Fossilman Floats Year-long Poker Backing Deal
Looking to back a former WSOP world champion on a year-long basis? If so, 2004 main event winner Greg Raymer might want to hear from you. Fossilman, as he’s been known for years throughout the poker world, has recently floated a crowd-funding package via poker backing site YouStake that seeks people willing to pony up anywhere from a few hundred to a few thousands to share in Raymer’s 2016 tourney wins and losses, whichever they may be.
Poker backing sites have been around for several years, despite the thin but looming legal possibility that such arrangements might run afoul of securities or investment laws in one or more US states. Most people don’t seem to mind, however, and since backing deals tend to be personal relationships for smallish stakes, authorities haven’t bothered to give the whole niche a deeper look. Lots of players offer slices of themselves, both live and online, often with wide expectations for profit and deeply differing rules as to how any profits are to be divvied up between the player and his backers.

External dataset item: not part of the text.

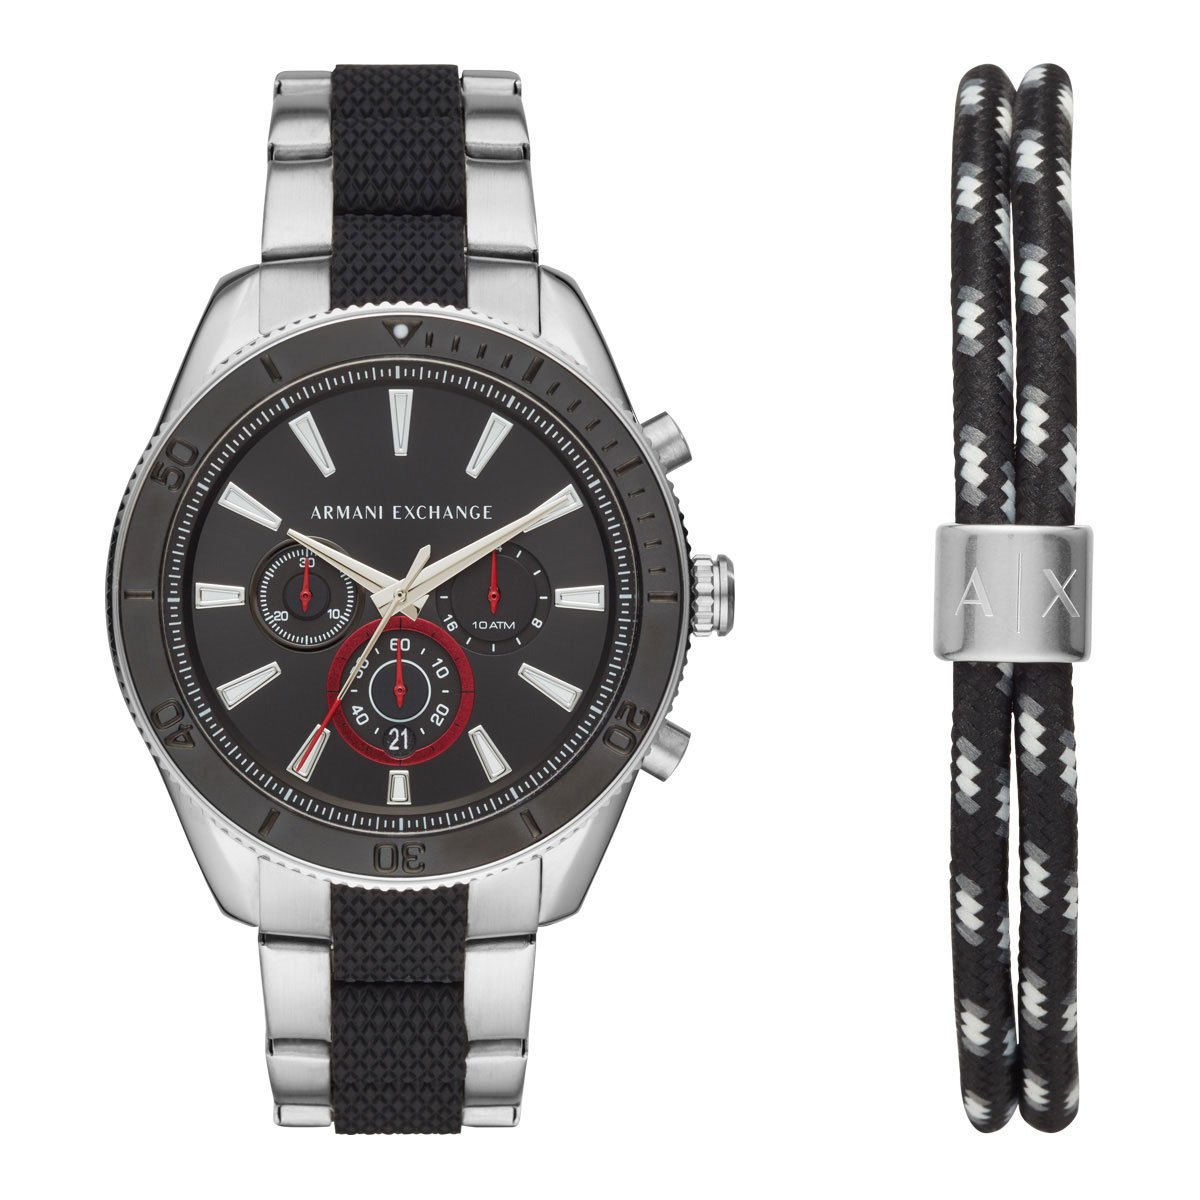 ae92cda41944 Reloj caballero Armani Exchange AX7106

In other words, it’s always best to read the fine print. And we at FlushDraw aren’t doing any endorsing of Raymer or his public backing offering; we’re just deeming it newsworthy for a couple of unusual properties.
First, it’s not every day that a former Main Event winner offers pieces of himself on backing forums. Most such poker names are either well financed themselves or have long-standing relationships with other well-heeled poker players and gamblers that help them slide through the inevitable lean stretches that any tourney player endures.
The other thing that’s unusual is that the deal that Raymer has assembled covers the entire 2016 calendar year, instead of just one of a small handful of closely related events, such as a WSOP package deal. Raymer laughingly blames his wife for the whole concept coming to fruition, writing:
Since I no longer receive a guaranteed source of income, my wife [Cheryl] has become more nervous about poker. Although I have a 23 year track record of winning results in both tournaments and cash games, she is not a poker player, and is worried that I will start losing. And without a paycheck to immediately recoup any losses, she gets anxious. So, to make her happy, I have chosen to sell off a big piece of my bankroll, so that my downside risk is a lot more limited (and my upside potential, but try explaining that to her, lol). Even though this move is costing me EV, it is worth it because it provides marriage EV. Happy wife, happy life!
As for the deal itself, Raymer is seeking to raise just over $100,000, which he will use to buy his way into poker action throughout the year as he tours the nation and world putting on his instructional seminars, which is one way a well-known, still-marketable pro can generate some guaranteed income. Raymer had already chipped in 20%, or $20,000, and several of his long-term backers were already on board for another 30% ($30,000) at the time he took the rest of the backing offer public earlier today.
Poker fans wanting to join the Fossilman 2016 parade can buy in for as little as a tenth of one percent ($105), on up to five percent ($5,250) based on affordability and interest. The prices also include a 5% YouStake processing fee.
Raymer, who plans to offer detailed monthly updates to his prospective backers, also noted that he had such backing even before his breakthrough win back in 2004. As he wrote:
Prior to the 2004 Main Event, I had done something similar. I sold pieces of my action to a group of about 18 individuals, who bought 1-10 shares each, while I bought a much larger portion. We did this for a series of 4 consecutive 6-month periods, ending in the spring of 2004. For the first three periods, the share price went up by about 20% total. In the fourth period, the share price went up by about 6000%. Since then, I have played entirely on my own bankroll until these last two years when I again sold pieces to please Cheryl.
Interest appeared to be slow in the few hours since his public announcement, though a few fans had already joined in, pledging several hundred dollars. It remains to be seen whether Raymer’s concept flies all the way to a sold-out state, just as it serves as a bit of a referendum on how well known and popular Fossilman is today, nearly 12 years after his triumph in Vegas.